Toronto, Canada (25 April 2018) — A new report by the Citizen Lab at the Munk School of Global Affairs, University of Toronto, investigates the global proliferation of Internet filtering systems manufactured by Netsweeper, a Canadian company based in Waterloo, Ontario. In addition to mapping worldwide country installations of this filtering technology, researchers focused on 10 countries presenting systemic human rights concerns and found widespread filtering of political, religious, and LGBTQ content.

Internet filtering technologies play a critical role in shaping access to information online, where software that inspects, manages, or blocks communications has become commonplace. When operated by repressive governments, this software can limit the ability of citizens to communicate freely and fully participate in digital spaces. Given this risk, Internet filtering companies have a responsibility to prevent or mitigate the adverse human rights impacts linked to their products and services.

Citizen Lab researchers scanned every one of the billions of IP addresses on the Internet to identify addresses that matched a signature researchers pinpointed as indicative of Netsweeper installations. Of the 30 countries where researchers identified Netsweeper installations, they focused on 10 that present systemic human rights concerns, the majority of which are considered authoritarian: Afghanistan, Bahrain, India, Kuwait, Pakistan, Qatar, Somalia, Sudan, UAE, and Yemen.

The report reveals that these countries use Netsweeper technology to censor access to a wide range of digital content protected by international legal frameworks. Examples of filtered content include media websites in Yemen, religious content in Bahrain, and political campaigns in the United Arab Emirates. Researchers also identified patterns of over-blocking and blocking as the result of mistaken categorization.

“Our report sheds light on the proliferation of Netsweeper’s Internet filtering systems and their use in countries with significant human rights issues to block a wide range of content, including LGBTQ and women’s health information. The provision of these services contradicts Canadian values and corporate social responsibility principles. Access to information is a human right recognized under international law — yet one that many governments defy in practice through extensive Internet censorship. By facilitating these practices, Netsweeper is profiting from the dark curtain being drawn over the Internet for a large number of users around the world.” – Ron Deibert, Professor of Political Science and Director of the Citizen Lab at the University of Toronto’s Munk School of Global Affairs

Researchers conclude that the deployment of Netsweeper technology documented in this report raises serious concerns regarding Netsweeper’s corporate social responsibility (CSR) practices and fulfillment of its responsibility to respect human rights. Netsweeper has not made public any human rights policy or due diligence practices adopted by the company and has not indicated whether it has taken any steps to identify, prevent, and mitigate adverse impacts of its technologies on human rights.

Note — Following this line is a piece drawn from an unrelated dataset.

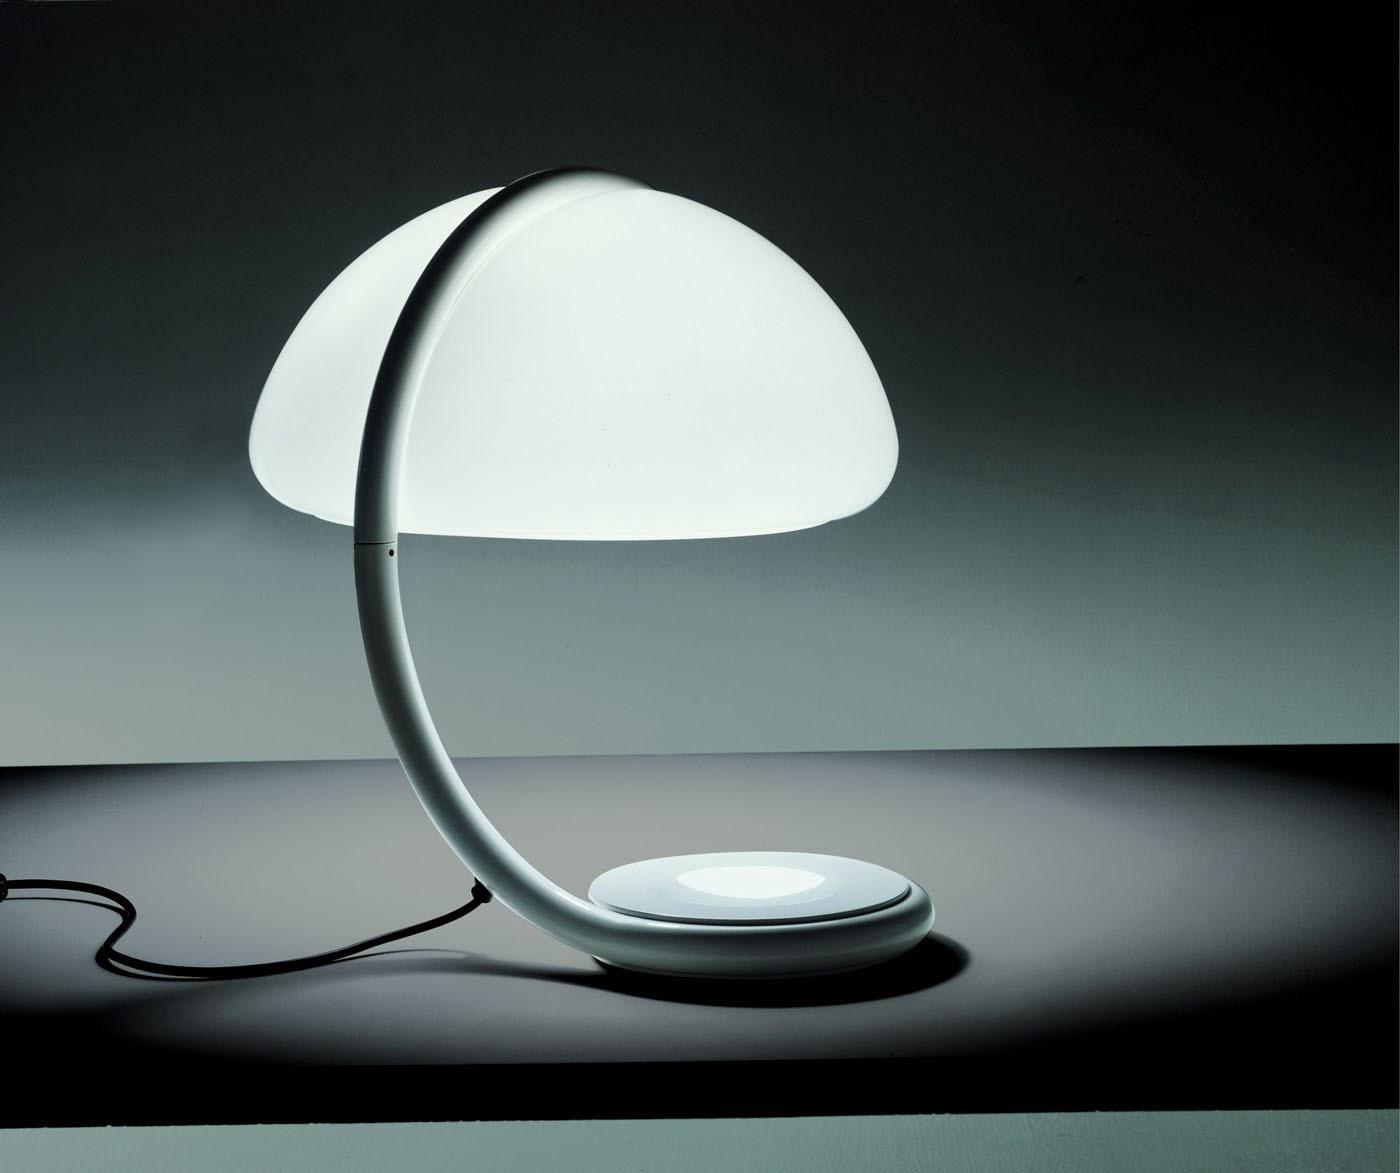 10 Modern Living Room Lighting Ideas 2014 Part 10

Likewise, the Government of Canada has important obligations under international law to protect human rights and has stated that it expects Canadian businesses working overseas to act in accordance with ethical standards and CSR practices. Yet, while Canada has taken a strong public stance in favour of protecting human rights online, Canadian government entities have simultaneously supported Netsweeper in trade promotion and development of its export sales to countries with questionable human rights policies and practices. Report authors offer recommendations to policy officials and lawmakers on how to better fulfill Canada’s obligations under international human rights law when it comes to the overseas operations of Canadian “dual-use” technology companies.